### EXERCISE
Pull every line containing the word "avec" from the records.

Top of INPUT FOR THIS TASK

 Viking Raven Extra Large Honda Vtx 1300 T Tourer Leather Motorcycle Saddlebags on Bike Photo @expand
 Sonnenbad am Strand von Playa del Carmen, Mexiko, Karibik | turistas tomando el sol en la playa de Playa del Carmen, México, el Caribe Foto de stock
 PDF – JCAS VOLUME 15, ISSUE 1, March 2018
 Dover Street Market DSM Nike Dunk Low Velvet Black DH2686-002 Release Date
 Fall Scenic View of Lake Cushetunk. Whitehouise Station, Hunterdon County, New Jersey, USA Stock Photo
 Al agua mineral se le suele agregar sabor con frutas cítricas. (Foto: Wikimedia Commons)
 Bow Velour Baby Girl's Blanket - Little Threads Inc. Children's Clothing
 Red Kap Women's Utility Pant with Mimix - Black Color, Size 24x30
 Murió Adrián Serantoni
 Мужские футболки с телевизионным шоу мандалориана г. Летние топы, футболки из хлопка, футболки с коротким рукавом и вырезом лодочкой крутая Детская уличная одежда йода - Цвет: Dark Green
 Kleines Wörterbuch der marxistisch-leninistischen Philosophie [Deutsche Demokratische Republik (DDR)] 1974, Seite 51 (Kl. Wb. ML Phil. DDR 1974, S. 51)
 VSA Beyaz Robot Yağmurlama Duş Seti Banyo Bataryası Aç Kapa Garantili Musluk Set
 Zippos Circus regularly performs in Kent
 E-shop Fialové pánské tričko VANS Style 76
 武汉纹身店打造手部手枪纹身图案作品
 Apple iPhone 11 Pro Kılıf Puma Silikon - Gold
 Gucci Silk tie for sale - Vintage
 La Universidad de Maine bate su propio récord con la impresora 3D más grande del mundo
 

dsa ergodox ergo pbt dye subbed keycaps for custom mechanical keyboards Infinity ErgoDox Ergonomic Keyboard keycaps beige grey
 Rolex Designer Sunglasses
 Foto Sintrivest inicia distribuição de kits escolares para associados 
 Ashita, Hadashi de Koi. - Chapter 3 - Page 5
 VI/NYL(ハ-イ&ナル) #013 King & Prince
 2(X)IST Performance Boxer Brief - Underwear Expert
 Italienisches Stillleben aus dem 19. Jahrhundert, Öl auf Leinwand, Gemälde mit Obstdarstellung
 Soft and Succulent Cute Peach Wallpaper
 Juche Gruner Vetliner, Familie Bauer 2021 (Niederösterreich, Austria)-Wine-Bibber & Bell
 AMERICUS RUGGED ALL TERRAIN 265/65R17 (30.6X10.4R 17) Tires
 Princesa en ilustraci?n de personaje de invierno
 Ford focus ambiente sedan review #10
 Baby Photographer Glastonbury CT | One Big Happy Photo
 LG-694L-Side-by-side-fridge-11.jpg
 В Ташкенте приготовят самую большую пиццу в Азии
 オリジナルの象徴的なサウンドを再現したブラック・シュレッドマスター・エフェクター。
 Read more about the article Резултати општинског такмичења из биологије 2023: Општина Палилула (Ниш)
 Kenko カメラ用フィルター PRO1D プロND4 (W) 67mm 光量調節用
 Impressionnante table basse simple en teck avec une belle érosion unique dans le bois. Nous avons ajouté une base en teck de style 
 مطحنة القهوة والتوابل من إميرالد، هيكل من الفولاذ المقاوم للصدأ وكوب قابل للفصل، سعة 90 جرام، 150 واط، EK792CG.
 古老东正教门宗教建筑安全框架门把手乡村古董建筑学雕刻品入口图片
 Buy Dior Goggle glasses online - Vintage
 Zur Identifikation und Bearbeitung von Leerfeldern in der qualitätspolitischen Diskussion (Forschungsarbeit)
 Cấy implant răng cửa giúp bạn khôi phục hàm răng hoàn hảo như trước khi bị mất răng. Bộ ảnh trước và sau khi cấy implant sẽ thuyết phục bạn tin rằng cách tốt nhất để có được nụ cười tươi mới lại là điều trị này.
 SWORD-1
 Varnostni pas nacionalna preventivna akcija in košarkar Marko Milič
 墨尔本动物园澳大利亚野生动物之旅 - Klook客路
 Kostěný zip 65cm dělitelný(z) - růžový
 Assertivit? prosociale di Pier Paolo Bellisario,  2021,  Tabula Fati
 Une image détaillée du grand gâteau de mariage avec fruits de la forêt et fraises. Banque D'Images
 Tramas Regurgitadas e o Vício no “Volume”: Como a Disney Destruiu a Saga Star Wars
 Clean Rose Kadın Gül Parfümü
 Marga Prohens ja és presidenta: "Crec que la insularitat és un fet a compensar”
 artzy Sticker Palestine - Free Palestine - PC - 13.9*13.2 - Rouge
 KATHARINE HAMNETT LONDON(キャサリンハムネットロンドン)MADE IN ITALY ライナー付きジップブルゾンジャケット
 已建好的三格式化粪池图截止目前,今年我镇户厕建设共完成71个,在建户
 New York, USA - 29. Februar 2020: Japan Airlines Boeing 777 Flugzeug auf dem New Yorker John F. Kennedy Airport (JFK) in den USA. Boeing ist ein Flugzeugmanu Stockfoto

Bottom of INPUT FOR THIS TASK

### EXERCISE RESPONSE
 Impressionnante table basse simple en teck avec une belle érosion unique dans le bois. Nous avons ajouté une base en teck de style 
 Une image détaillée du grand gâteau de mariage avec fruits de la forêt et fraises. Banque D'Images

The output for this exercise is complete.